(Data)

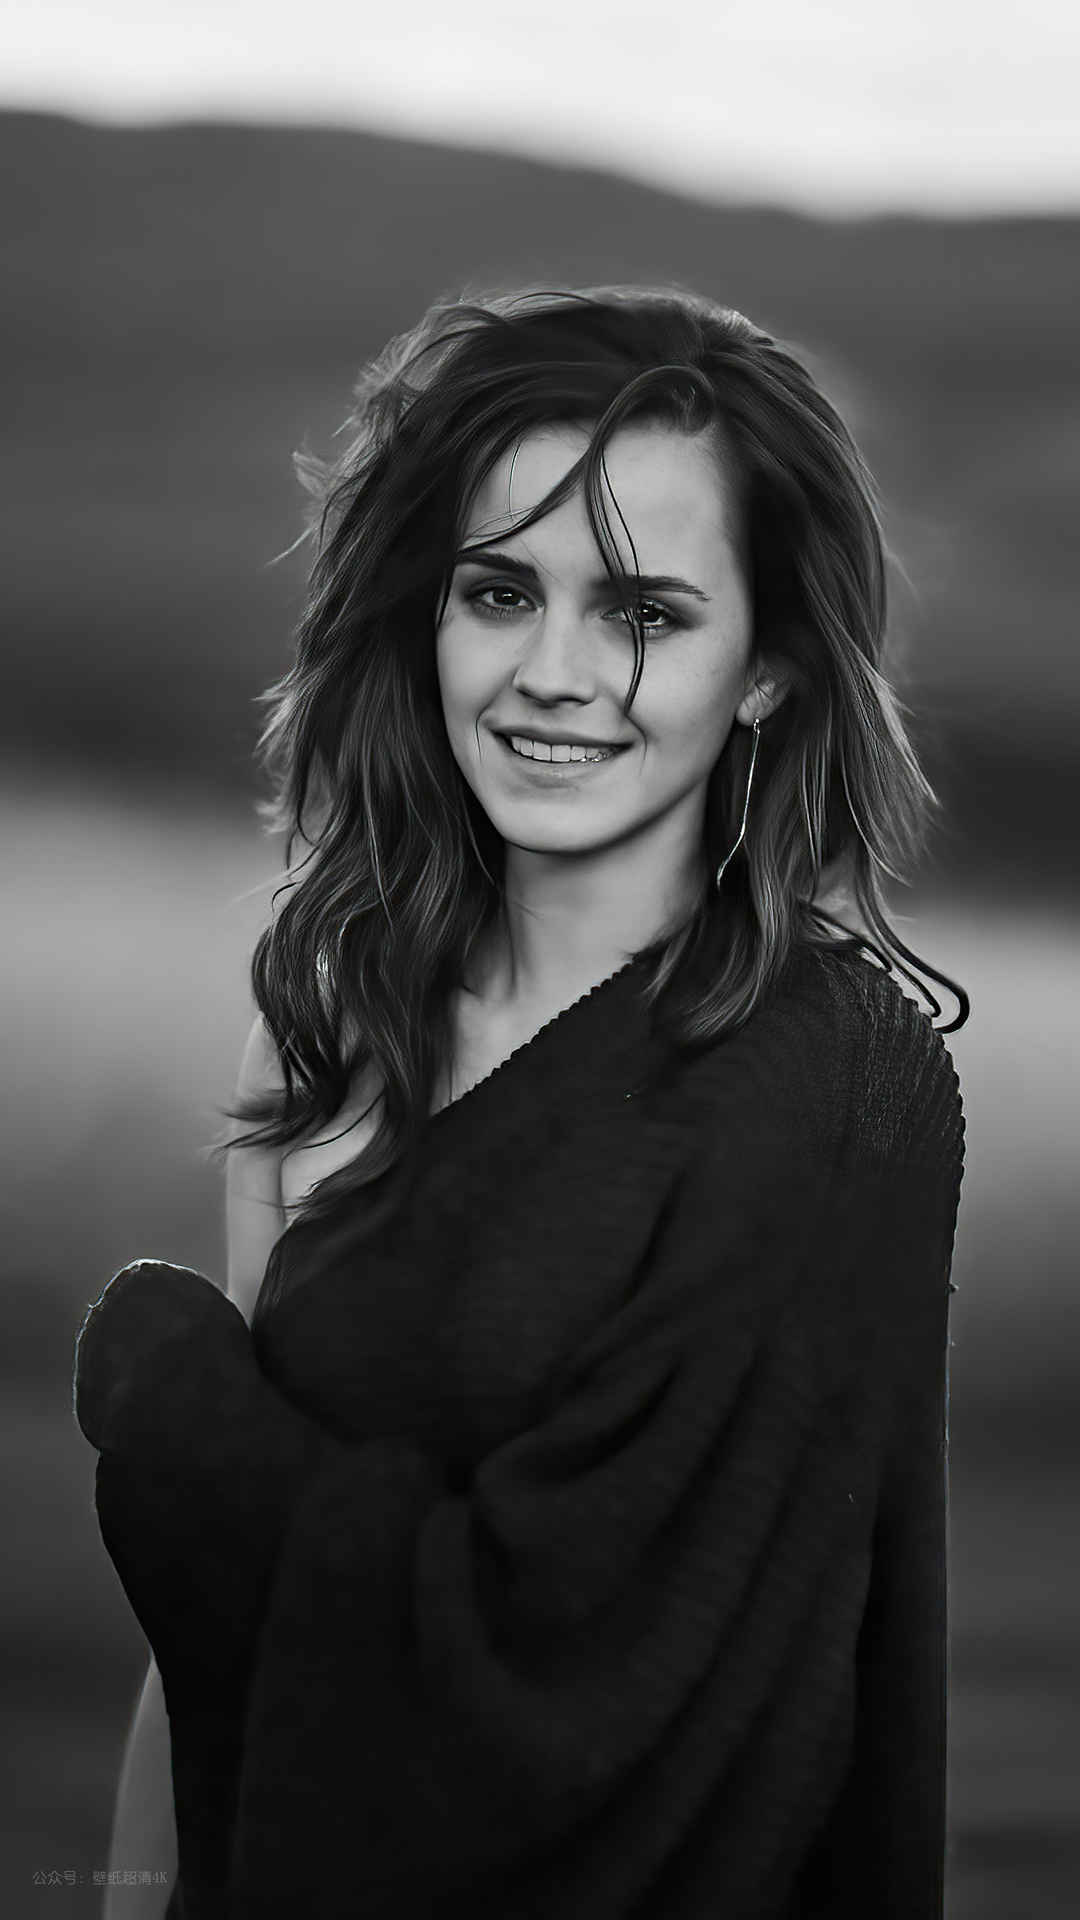 艾玛·沃特森(Emma Watson) 黑白写真手机壁纸
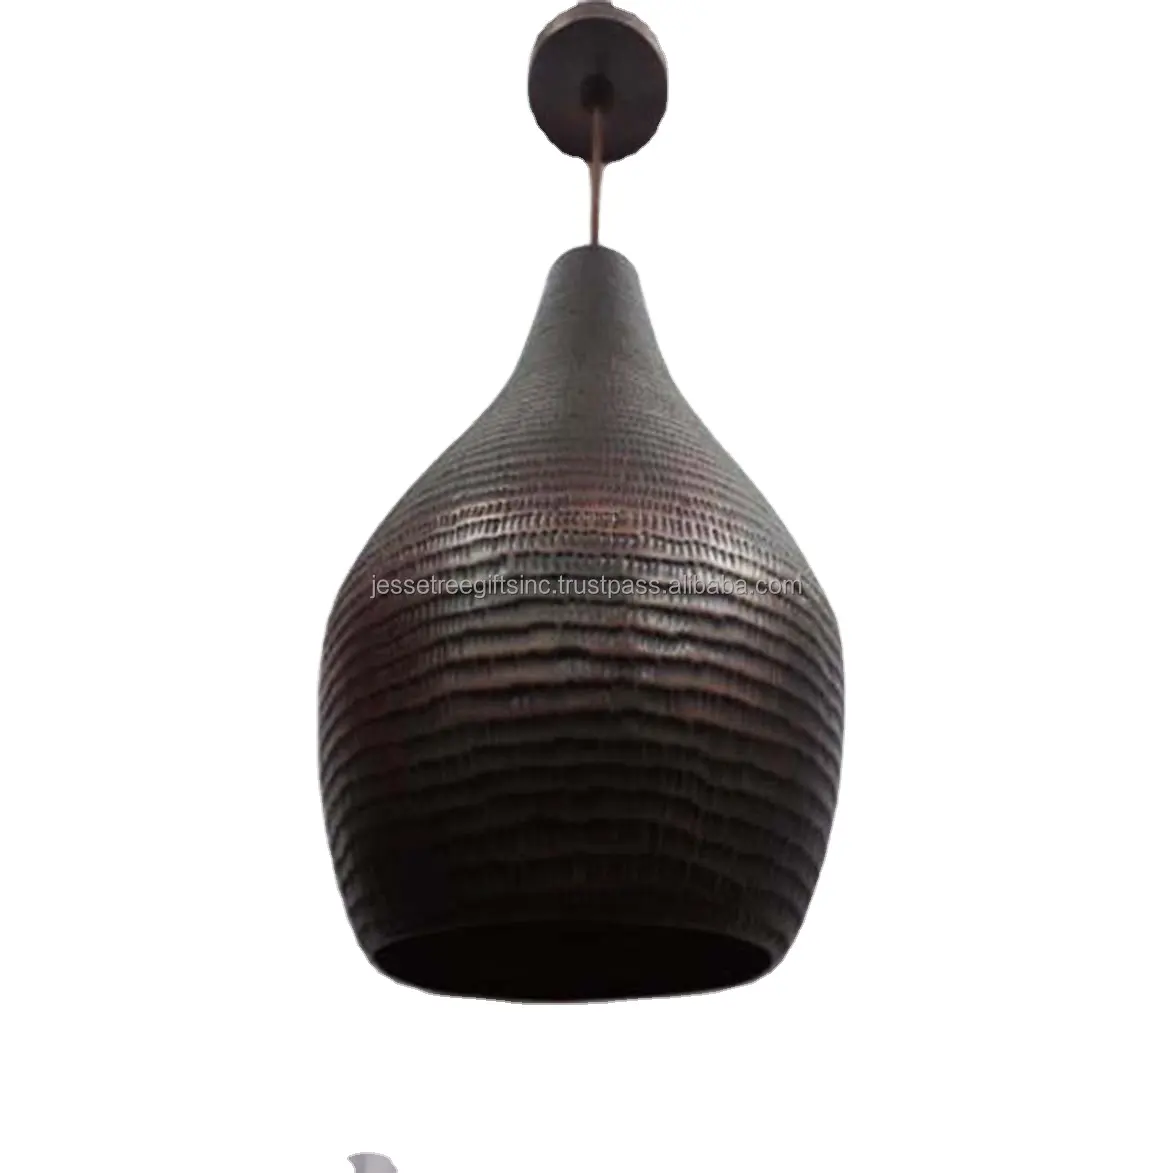 Lámpara colgante de acabado de pintura en aerosol marrón de hoja de metal con diseño en relieve forma redonda excelente calidad para iluminación del hogar
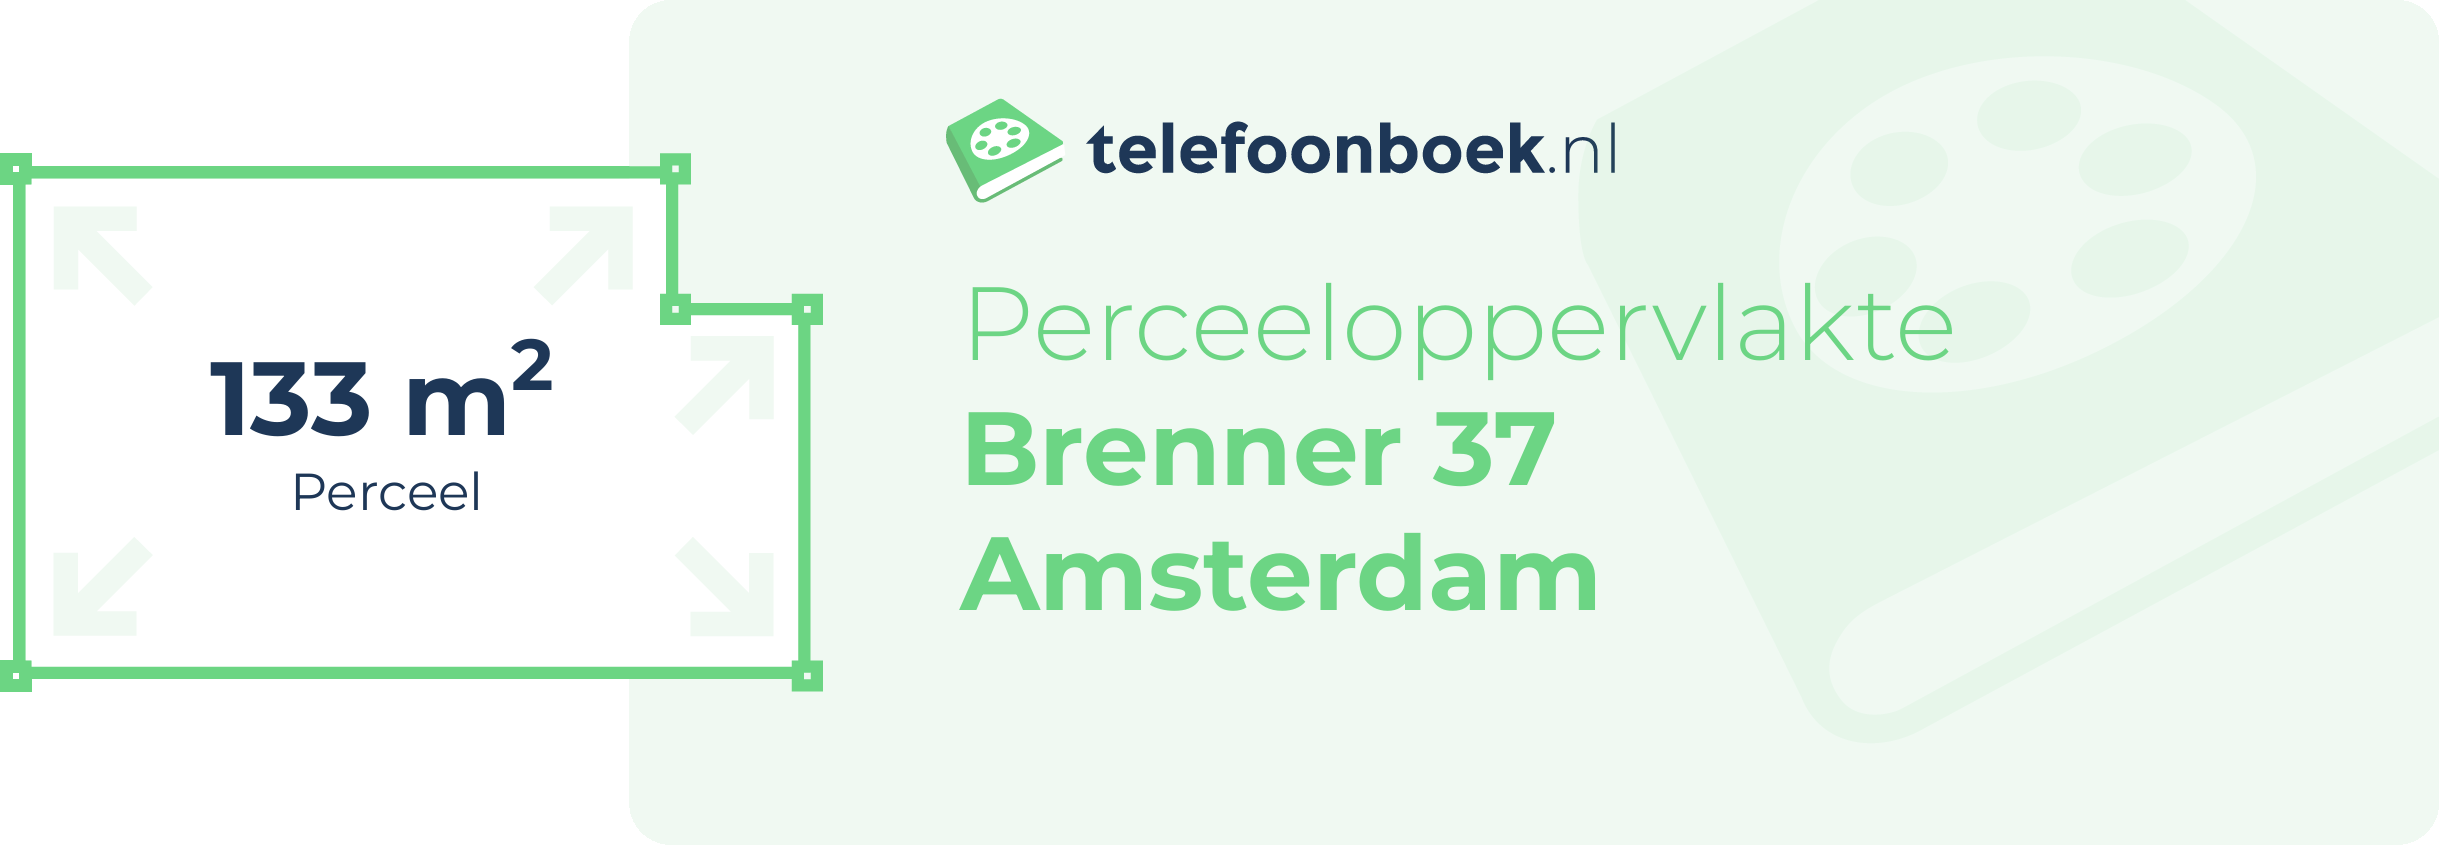 Perceeloppervlakte Brenner 37 Amsterdam

(End Data)

Aside from its pictures, the listing must be given again in full, exactly as it appears.

 艾玛·沃特森(Emma Watson) 黑白写真手机壁纸
 Lámpara colgante de acabado de pintura en aerosol marrón de hoja de metal con diseño en relieve forma redonda excelente calidad para iluminación del hogar
 Perceeloppervlakte Brenner 37 Amsterdam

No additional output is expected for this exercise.